Developing Country Dynamics
On the other end, developing country governance principles, or norms to use a more relevant term, are often far removed from rich country standards. Inefficient use of funds, nepotism, graft, not to mention absence of free and fair elections, obviously work to the detriment of the government-society contract bargain. Authorities of some developing nations are more “fortunate,” as they can balance inefficient public management with income from rich endowments of mineral reserves. Consequently, they can rely less on unfavorable policy tools such as taxation and use commodity financed public spending instead. Some developing nations are less lucky and thus run the risk of more turbulent outcomes, economic or otherwise.
Such outcomes seen in modern history, where developing countries are concerned, may vary but often do share certain similarities and patterns. While advanced country governments with high levels of legitimacy and public trust, can raise and adjust tax levels (or raise the pension age for that matter) without major societal upheavals (e.g. Japan, the Netherlands and Australia in recent years), the prospects for similar policy steps in any given developing nation are not nearly as straight forward.
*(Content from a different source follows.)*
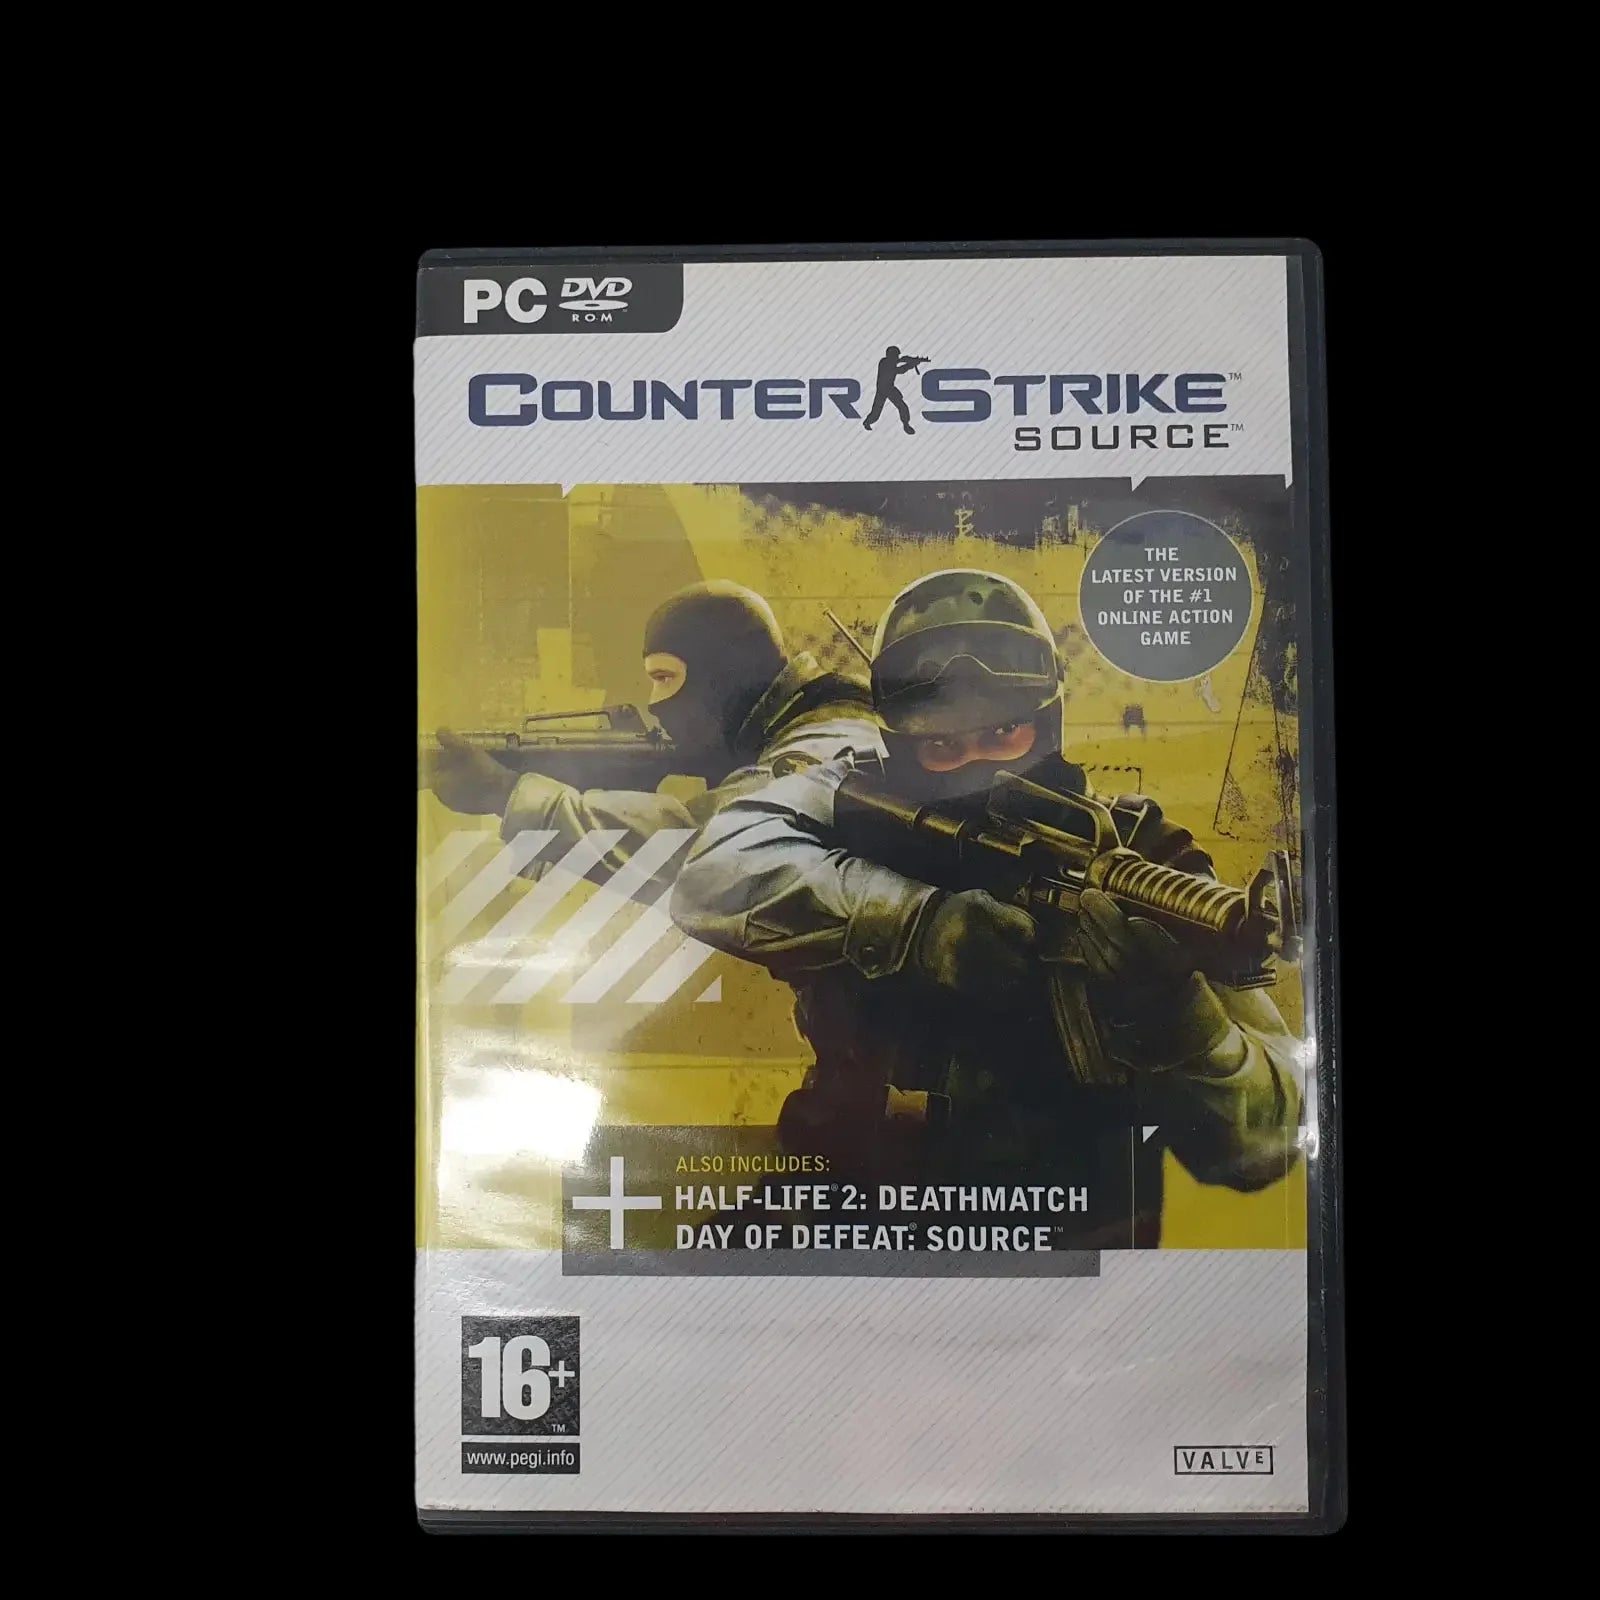 Counterstrike Source Pc Valve 2005 Video Game Cib - Games
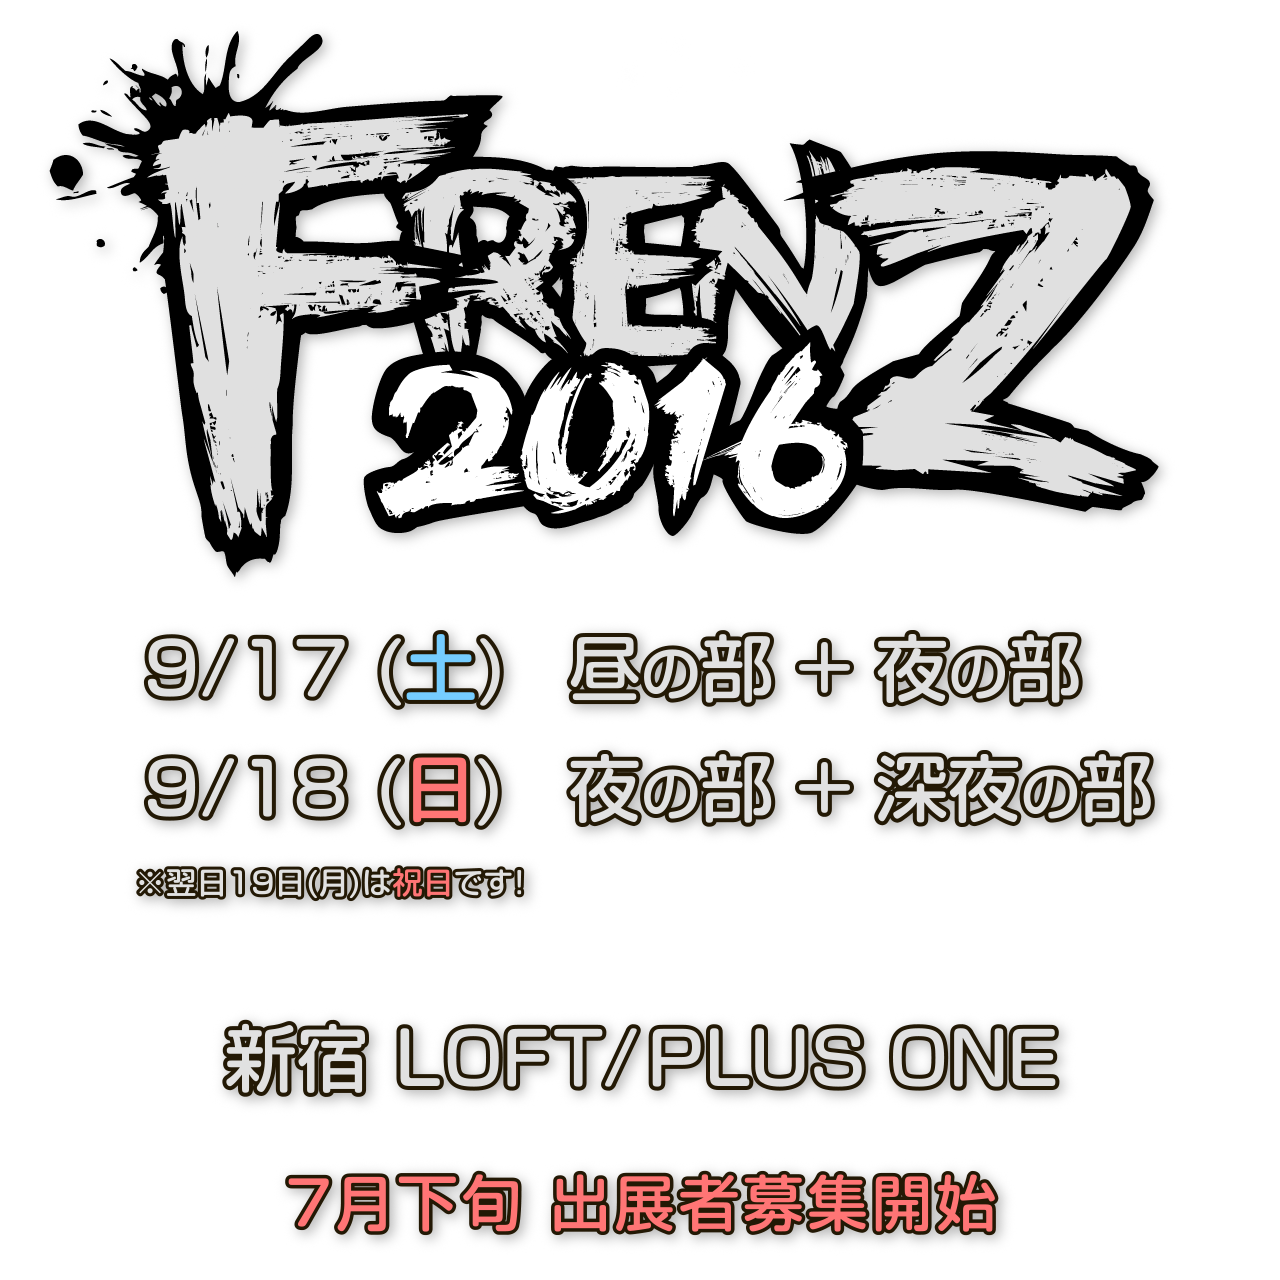 Web上で話題の映像クリエイターによる、新作映像上映イベント『FRENZ 2016』9/17（土）・9/18（日） 新宿LOFT/PLUS ONE にて開催！

Instead, the traditional pattern in developing nations has been that governments not only oversee inefficient economic structures, but also implement sub-optimal economic policies. More specifically the structural reform propensity may not only be lacking but policies implemented might with time become outright regressive. This feeds a certain chain reaction. Suboptimal policies weaken the economy which together with the shadow activity decreases tax revenue intake. And ultimately, in order to close the budget gaps/deficits from insufficient tax intake, new debts are accumulated. Often in a foreign currency. Many times the local authorities are indeed aware of the structural reforms necessary to improve the economic outlook, but abstain for political reasons. There is plenty of economic advice and historic precedents to go around if one would be willing to implement reform.
Instead, it is that absence of strong public mandates and legitimacy that prevent the authorities from taking the necessary, but often unpopular, steps towards reform implementation. Because any structural reform will take time to feed through into beneficial economic outcomes (usually 3-5 years), and more importantly, will imply certain reallocation of benefits/value between different domestic stakeholders (e.g. exporters vs. importers, young vs. old, business vs. households). The phrase “don’t rock the boat” is likely to have many translations.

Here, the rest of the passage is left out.